Sebelumnya, RPM menetapkan alat-alat atau perangkat telekomunikasi yang beroperasi pada spektrum frekuensi radio berdasarkan izin kelas.

Mereka adalah Wireless Local Area Network (WLAN), peranti jarak dekat (Short Range Device), Low Power Wide Area Nonseluler (LPWA Nonseluler), Dedicated Short Range Communication (DSRC), LAA. Serta, alat-alat yang beroperasi pada pita frekuensi radio yang digunakan berdasarkan izin kelas yang sejenis sesuai tingkat teknologi dan karakteristiknya.
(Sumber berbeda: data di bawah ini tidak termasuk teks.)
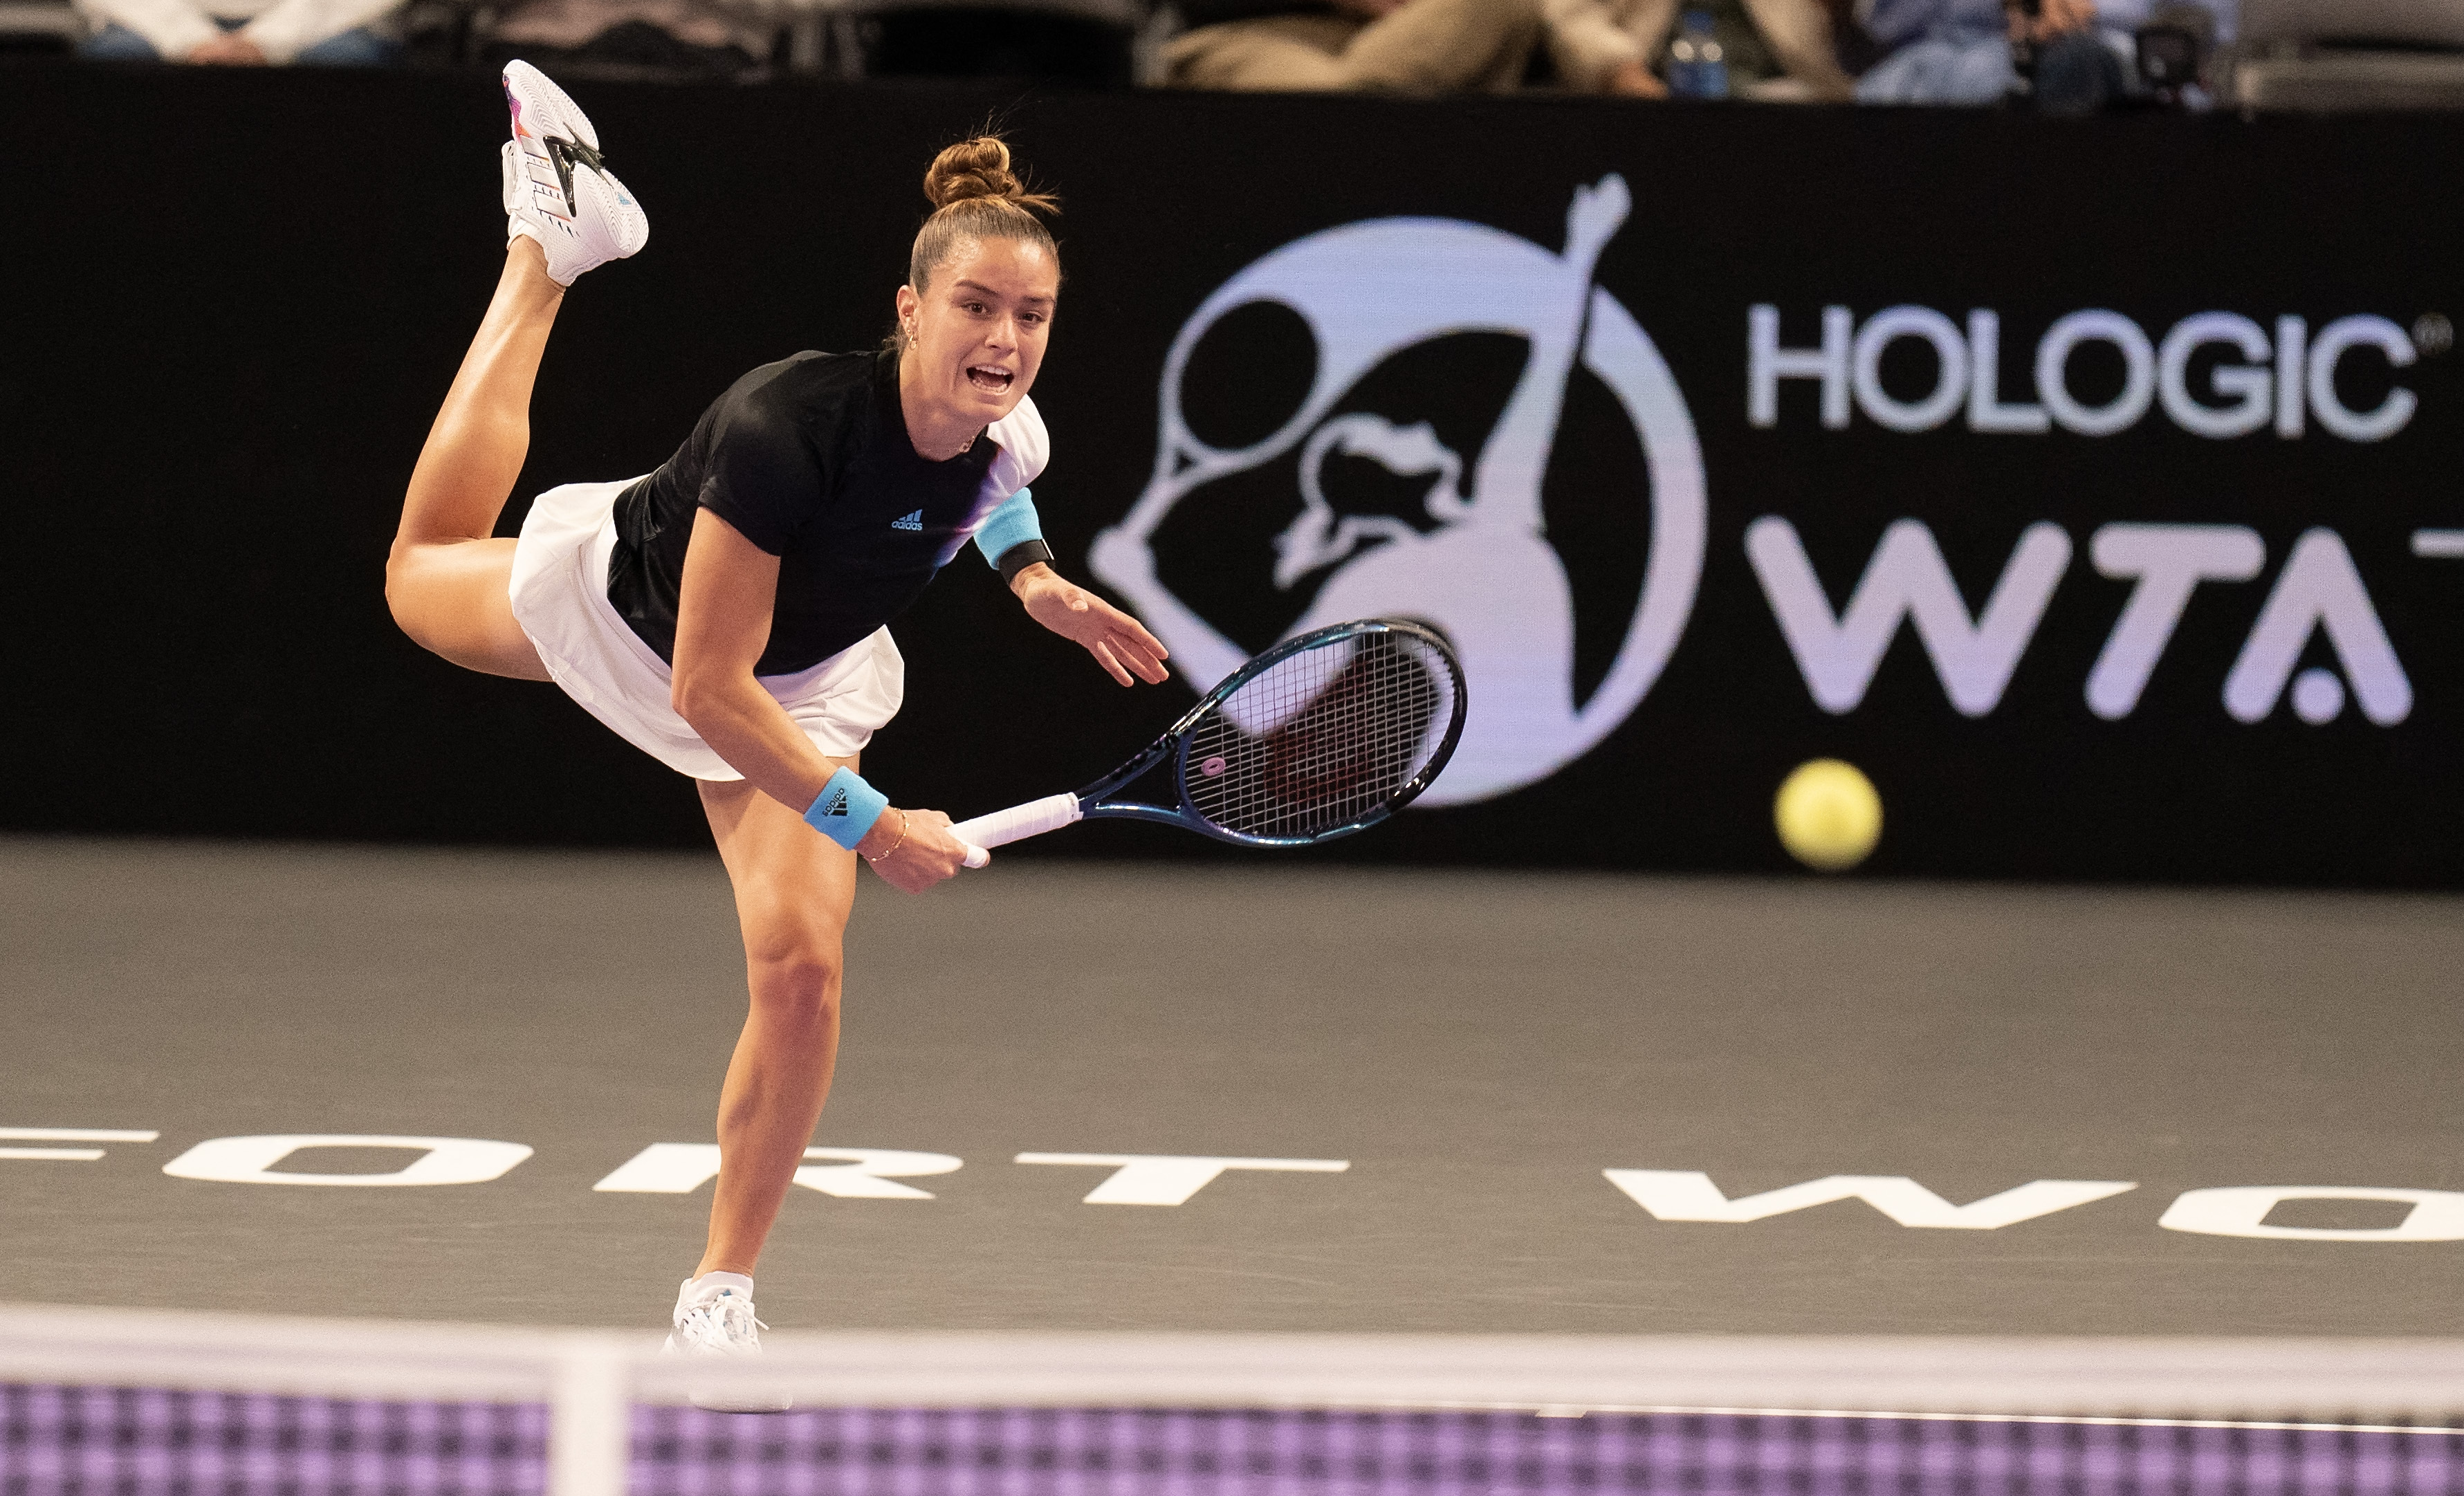 Oct 31, 2022; Forth Worth, TX, USA; Maria Sakkari (GRE) serves the ball during her match against Jessica Pegula (USA) on day one of the WTA Finals at Dickies Arena. Mandatory Credit: Susan Mullane-USA TODAY Sports
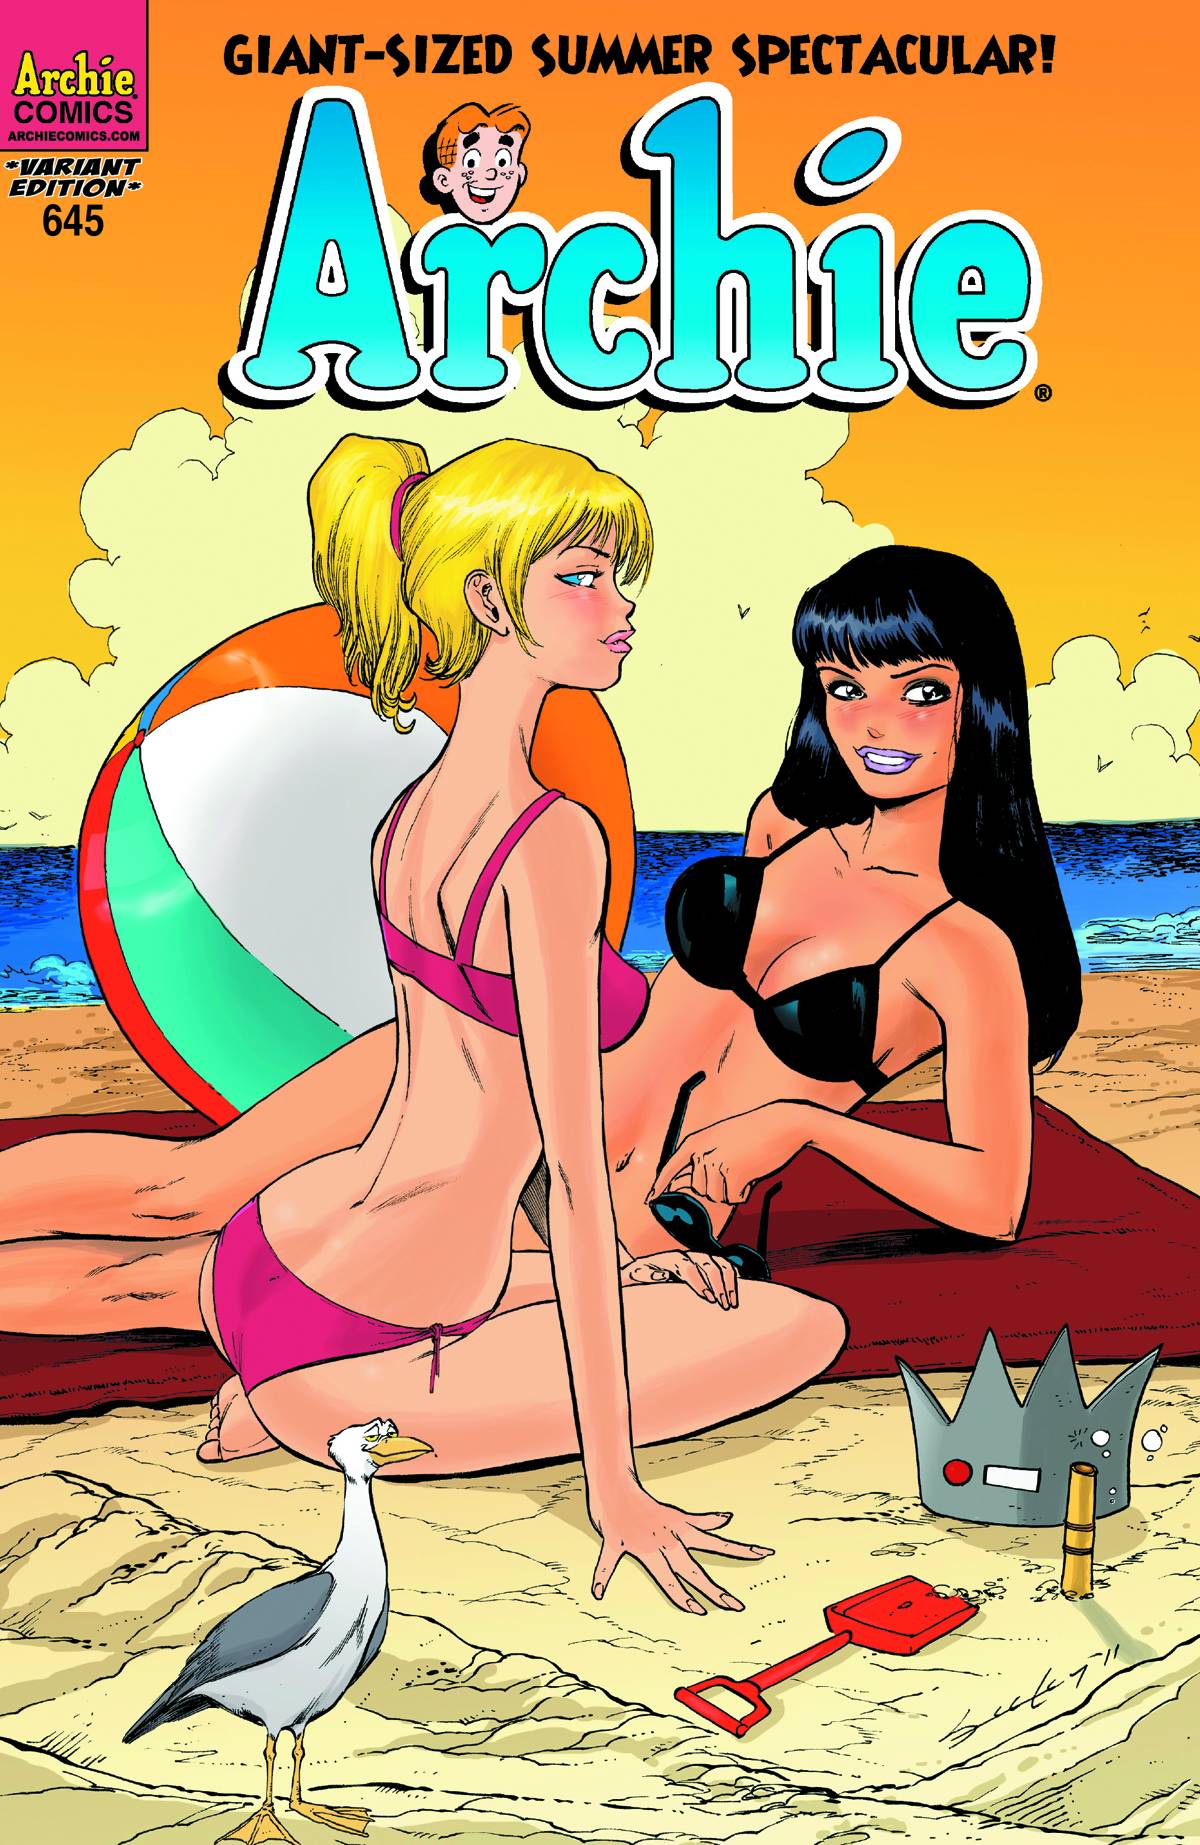 Archie #645 Tim Seeley Variant Cover

4G LTE Advance Pro, lebih dikenal 4.9G atau satu tingkat di bawah 5G, menggunakan jaringan License Assisted Access (LAA). Jaringan ini memanfaatkan frekuensi tak berizin di rentang 5.150-5.350 MHz dan 5.725-5.825 MHz. Sehingga berdampak pemain non operator seluler dapat segera mengimplementasikan IoT secara lebih masif.

Wacana penyamaan harga jadi isu

Menanggapi wacana harga sertifikasi, sebenarnya pemerintah ikut melibatkan Asosiasi IoT Indonesia untuk diskusi bersama sehingga belum ada putusan akhir. Wakil Ketua Asosiasi IoT Andri Yadi agak menyayangkan dan terbebani apabila pemerintah memutuskan untuk menyamakan harga sertifikasi perangkat dengan radio biasa.

Pihaknya pernah membuat simulasi singkat bahwa harga sertifikasi untuk satu startup bisa memakan biaya hingga Rp25 juta. Hitungan tersebut belum mengikuti harga pasar apabila dijual ke konsumen.

“Tidak bisa disamakan [harganya]. Ambil contoh untuk ponsel 4G itu jual batangannya bisa sampai Rp10 juta, tapi bicara perangkat IoT itu bisa sampai Rp400 juta. Sebab di dalamnya itu ada banyak teknologi, seperti short range pakai bluetooth dan WiFi,” katanya.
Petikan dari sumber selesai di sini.